Monday, July 16, 2007

Harvest a Rainbow

Hard work pays off. 2 lbs of beans (4 kinds), 6 Sungold Cherry tomatoes, 4 Tumbling Tom Red Cherry Tomatoes,
3 Mini Red Bell Peppers, 1 Sweeter Yet Cucumber, & some Blueberries.

If it hasn't been made clear yet, I like color. I like to plant veggies in many colors and enjoy looking at them, as much as eating them. Variety is the spice of life, so whenever possible, I grow more than one type of each vegetable I grow. Who says a tomato has to be red? Certainly not me!

I like to see the veggies as they grow on the plant. As consumers, we are removed from our food and how it grows. All we see is the finished product neatly displayed in masses on supermarket shelves. We forget the work it takes for the farmer to produce it, and the wonder of the workings of nature.

Tumbling Tom Red Cherry Tomato, can be grown by anyone with a hanging basket and a spot of full sun.

Thanks to the advances of modern civilization, we can get any type of produce, any time of year, flown in from around the globe. We lose touch with the natural rhythm of the seasons. The anticipation of a ripe tomato, warmed by the sun, is replaced by the instant gratification of the perfectly red round tomatoes available in the winter, but how do they taste?

Sungold Cherry Tomatoes ripe for picking.

Above you see a picture of Sungold Cherry Tomato. This hybrid tomato is grown by a lot of folks, including people who consider themselves to be heirloom growers (who otherwise don't grow hybrids). It is a well loved tomato. Now I could have cropped this picture differently, showing more of the right and leaving out the not so pretty vinyl garden tape wrapped around the stem. But I wanted to illustrate something really cool about tomatoes. They are very, very resilient. Early in the season, I accidentally broke this branch, about half way through. It was still attached, but hanging by a thread. I wrapped the tape around the wound and the tomato healed itself. I've even known gardeners to use bandaids. I just use the stretchy vinyl tape that I usually have with me to tie things up around the garden and it works for me.
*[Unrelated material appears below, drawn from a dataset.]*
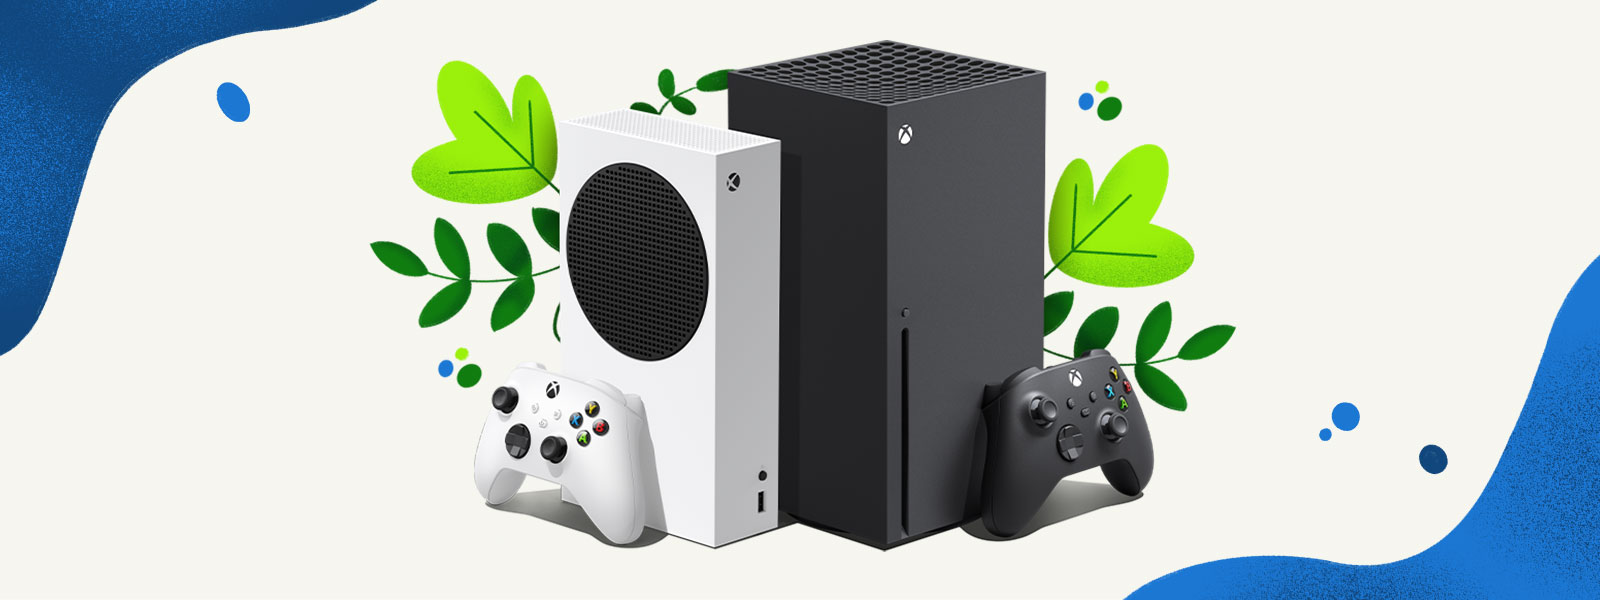 Xbox Series X ve Xbox Series S konsolları, bitkilerin ve sıçrayan mavi su damlalarının yer aldığı dekoratif bir arka planın önünde yan yana duruyor.

This tomato went on to grow beyond that break and seems no worse for wear.

Miniature Red Bell Peppers are ripening before the normal size peppers in my garden.

Miniature Red Bell Peppers are so cute! They don't have as much growing to do as the full sized bell peppers, and have started to ripen earlier. They're my appetizer peppers. My seed source says these are good for stuffing, and using as an hors d'vour. I'll just take their word for it. The largest one in the photo is only about the size of a ping pong ball.

Purple Beauty Pepper turning from green to purple.

Sorry to say, this guy is not ripening. Not even close, but I thought I'd add him to this post because he is changing color. The purple beauty pepper starts out green, then changes to a deep purple, before ripening to red. You can pick it at any time, but for a sweet flavor, wait for the red color to appear. Patience pays off.

Finally, I am issuing a challenge today to anyone who's reading this and not growing anything edible. My challenge is for you to grow something, and eat it. That is all. It's not too late in the season, you can still grow many crops. Just look on the seed packet info for "days to maturity". The fewer days to maturity, the more time you'll have to enjoy it before the frost. We are approximately 90 days away from the anticipated first frost for my area. Don't have enough room? Even lettuce or some herbs can be grown in a pot on a window ledge or patio. What about seeds? They sell them in many grocery stores, garden centers, or discount stores. You get the most for your money growing from seed. For a really easy start, buy seedlings and stick them in a pot with some potting mix. Grow something. I know you want to.